Not much is more of a crowd pleaser than deviled eggs! Easily the first thing to go ion an appetizer spread, these two bite snacks as easy to make as they are to devour. But why not put them on a SALAD so you’re getting your greens, too?
Read on to learn more about this delicious Deviled Egg Salad!
How To Make Deviled Egg Salad
Presumably, this tasty salad begins with Deviled Eggs. I’m partial to my recipe for the Perfect Deviled Eggs, and I’m not ashamed to say it! They filling is perfectly tangy and creamy, and features fresh dill and garlicky chives.
Next up is the salad! I like using a combination of tender greens and crunchy veg for contrast and flavor variety.
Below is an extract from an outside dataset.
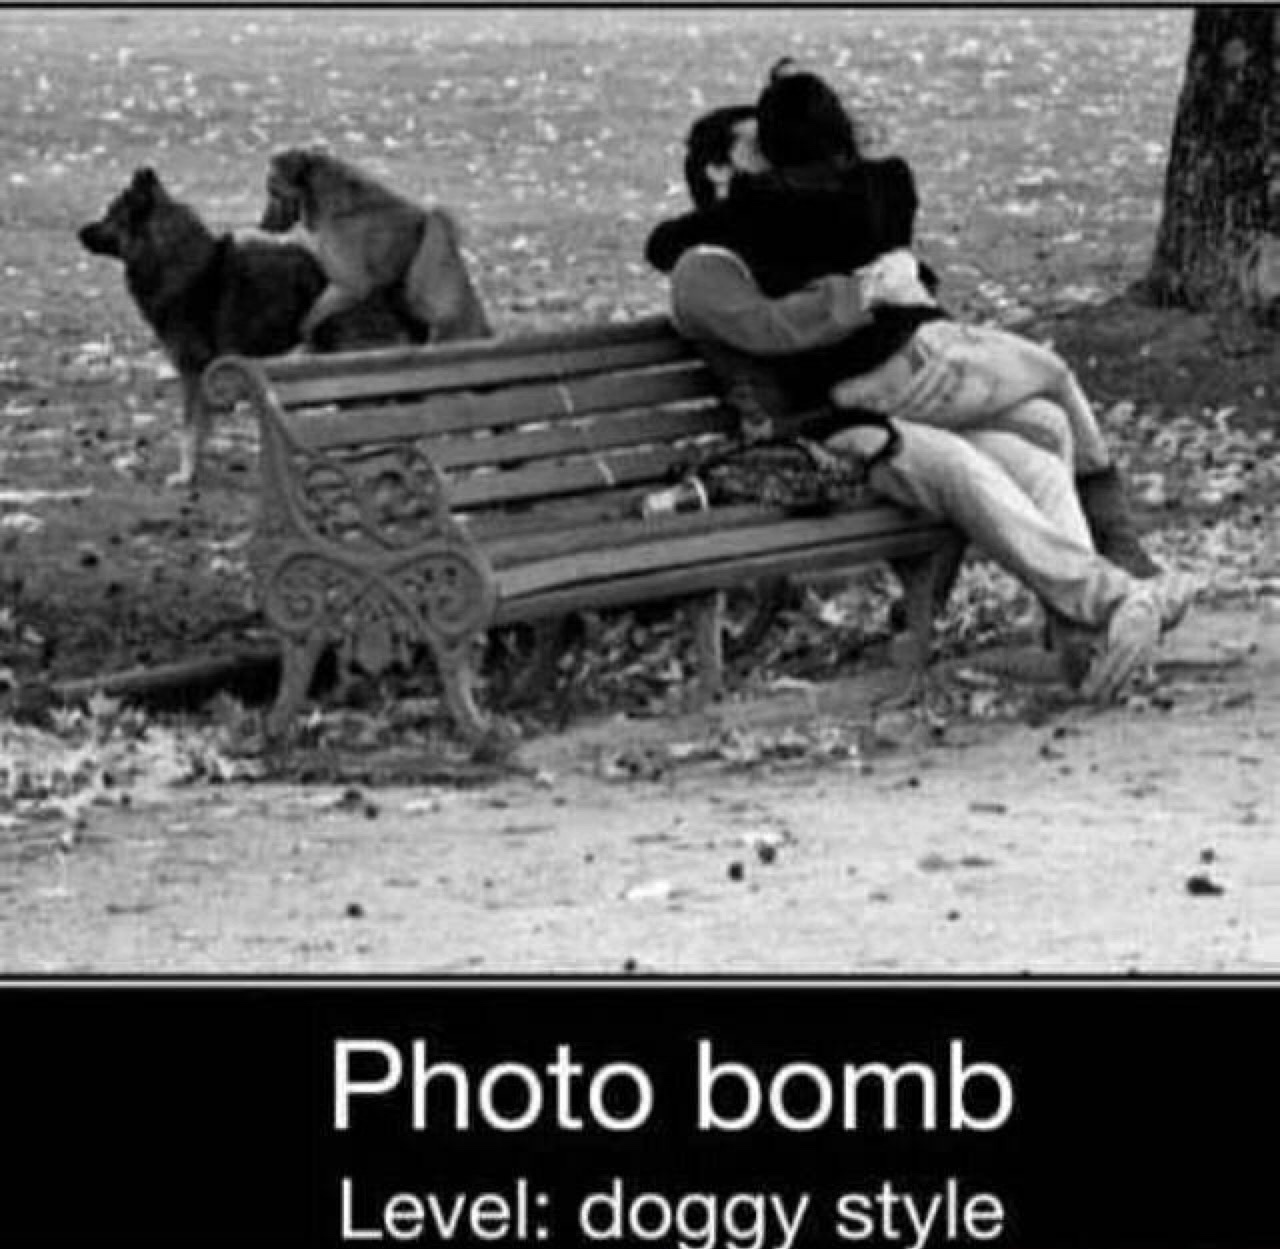 Doggo style bombs - meme

This recipe calls for:
- Boston Bibb Lettuce: I love how tender these gigantic leaves are, and they look beautiful spread on a platter as the salad base.
- Persian Cucumbers: The mini thin-skinned cukes are crunchier than that standard varietal.
- Cherry Tomatoes: These jammy jewels offer a juicy and acidic bite.
- Fennel:One of my favorite underused vegetables, fennel offers a licorice or anise-like flavor that is delicate and distinct.
- Fresh Dill: My all-time favorite herb, dill offers delicious brightness to this salad.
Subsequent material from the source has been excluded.